You might even display the level of confidence in a recommendation, so that end users have as much information as possible to make their decision and aren’t being asked to blindly trust an algorithm that they don’t understand.

Optimize Your Development and Operating Costs

Most startups have limited funding, and there are ways to manage the costs of generative AI while still building a powerful product. For example, there are many different LLMs to choose from, and your selection will depend on what capabilities you need in terms of model size, model type and performance. You want the models that provide the functionality you need at the least cost.

Fine-tuning a model is technically challenging and requires specialized expertise, which means hiring expensive engineering talent in a competitive hiring market. Retrieval augmented generation (RAG) can be a more cost-effective approach for model training and provides sufficiently accurate results for many applications.

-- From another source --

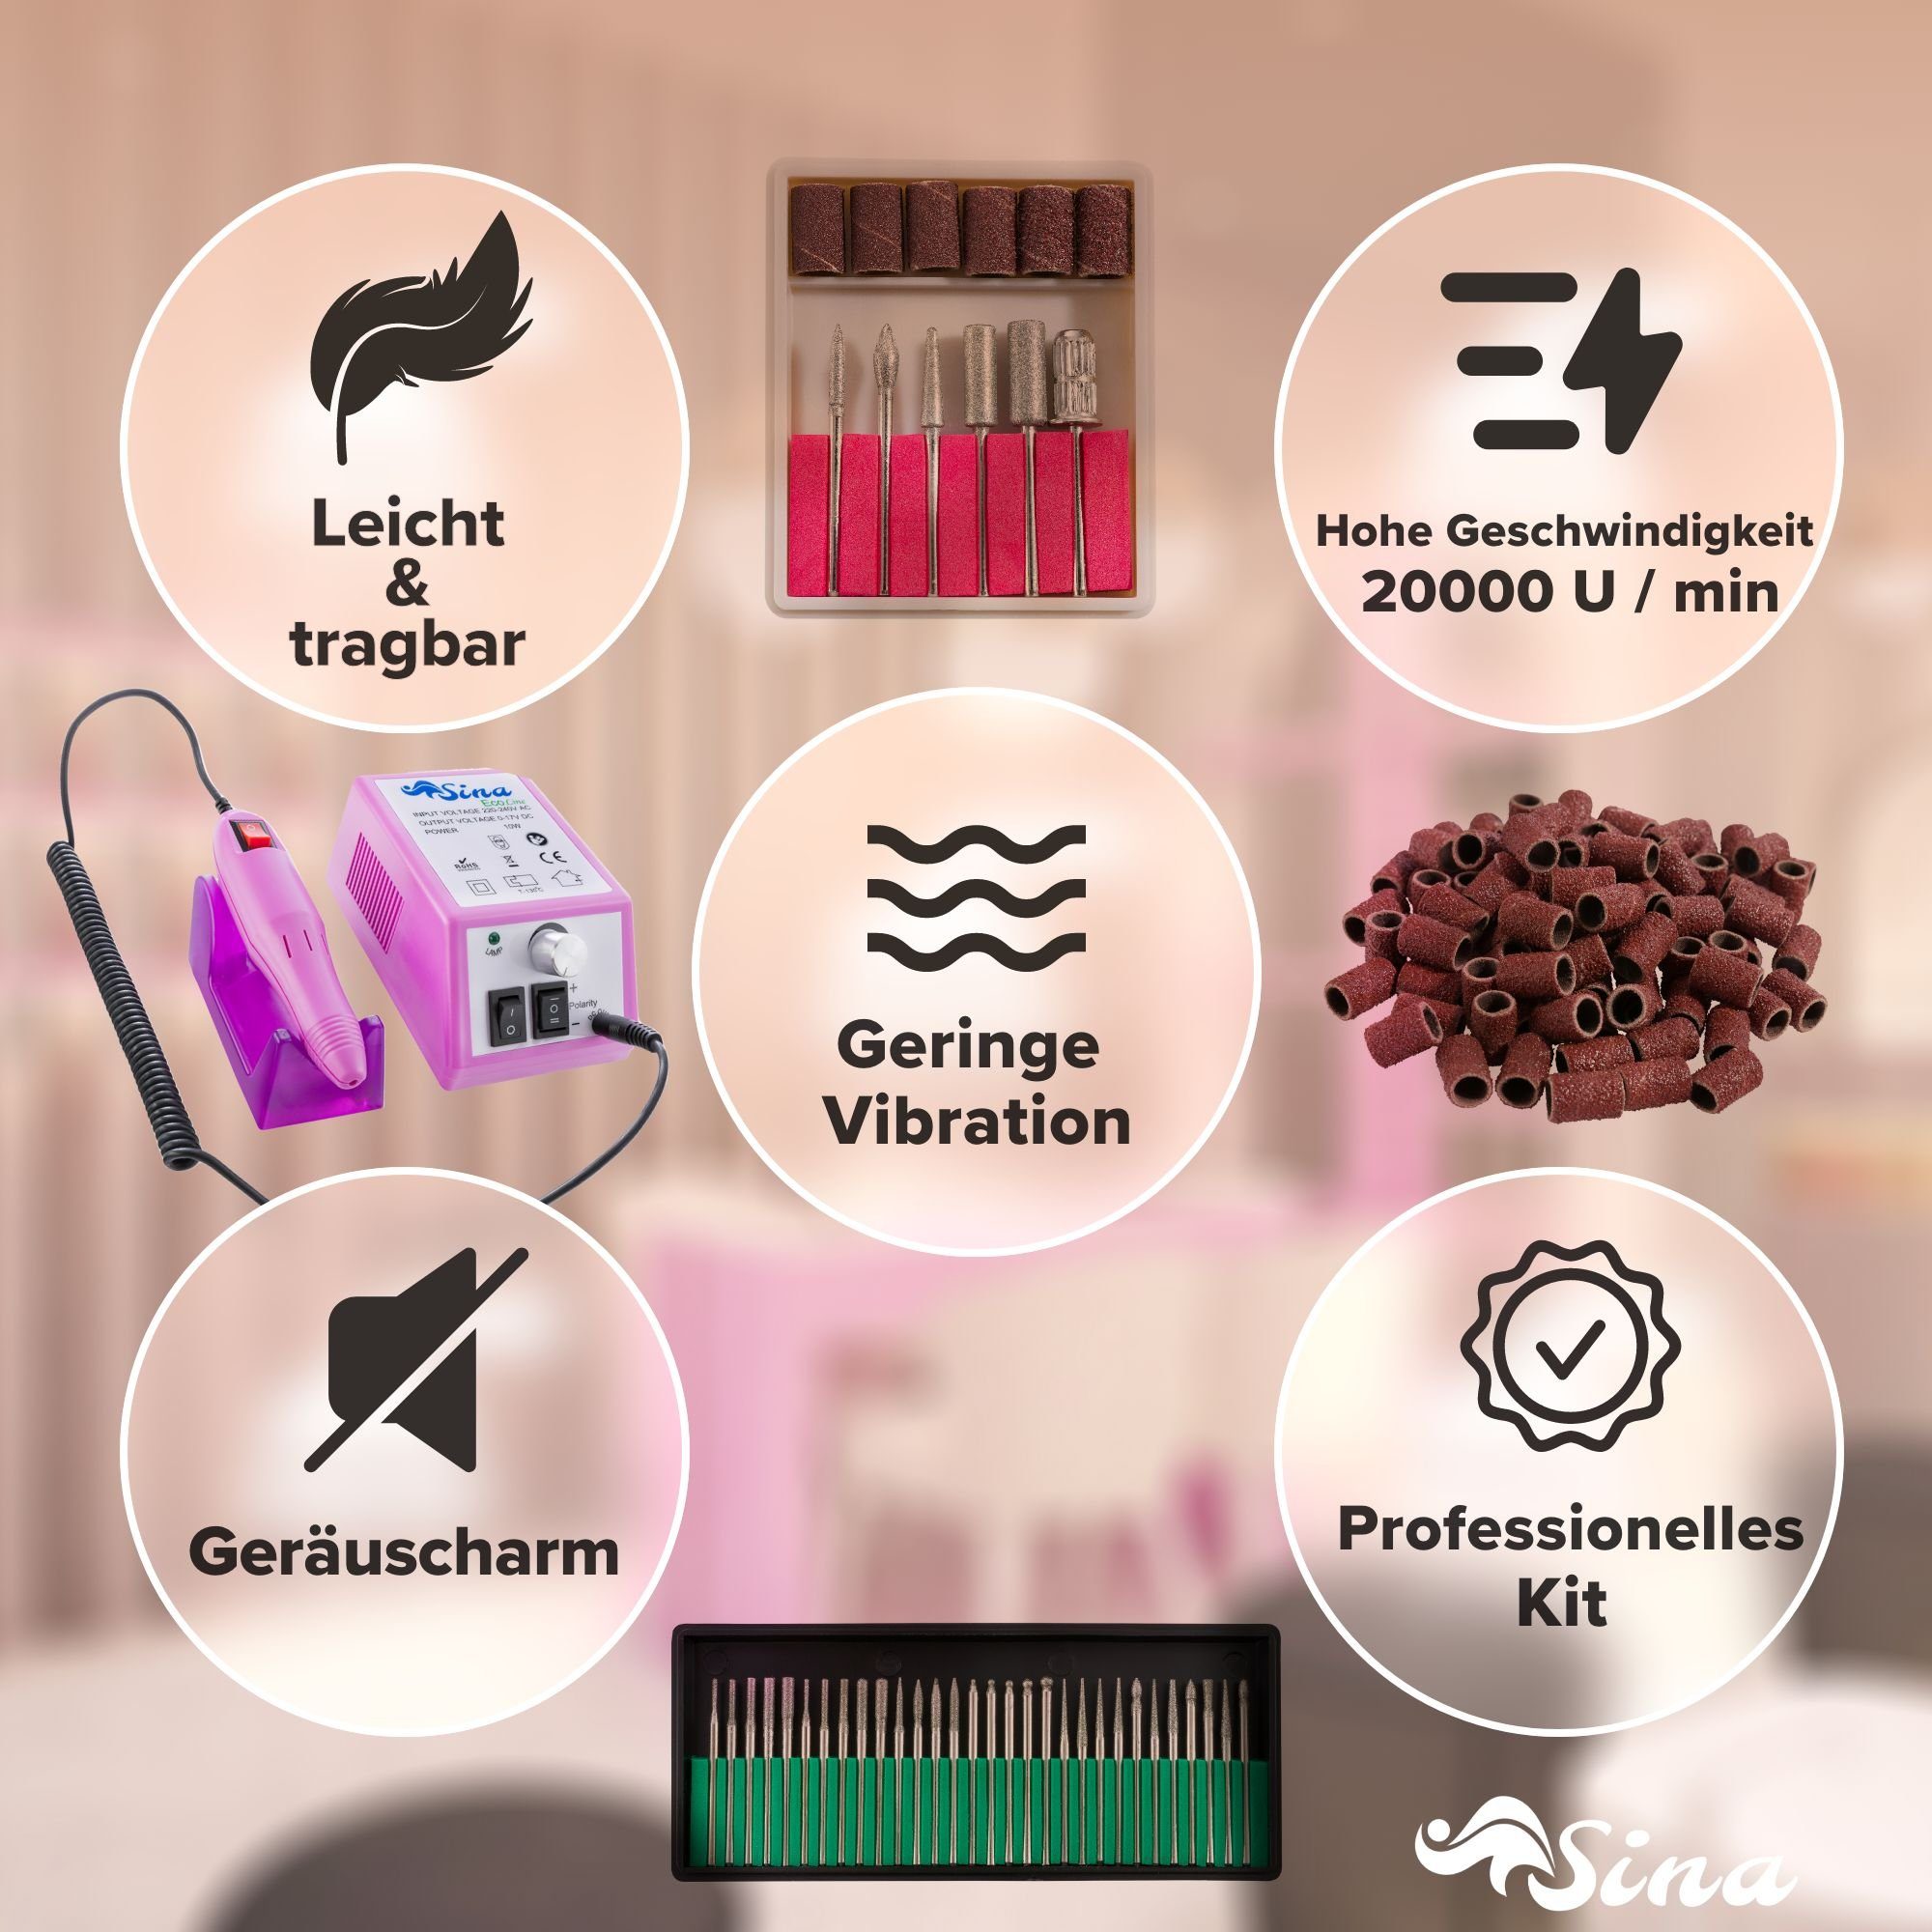 Arebos Beauty-Multigerät Nagelfräser Elektrische Nagelfeile, Pink, Beauty-Multigerät

It takes a lot of experimentation to arrive at these decisions, so engineers need a development environment that allows them to test different models and training patterns in a way that’s cost-efficient and doesn’t lock them into an approach that turns out to be incorrect. Generative AI projects are susceptible to technical debt, but these debts can be managed if engineers are thoughtful and deliberate about the development process.

Conclusion

As enterprises and startups ride the wave of generative AI, they must anchor their strategies in solving genuine business needs. The differentiator isn’t solely the technology but also the data strategy that underpins your AI application. Bringing your AI application to the data — emphasizing security, governance and operational transparency — is not just good practice; it’s a competitive advantage.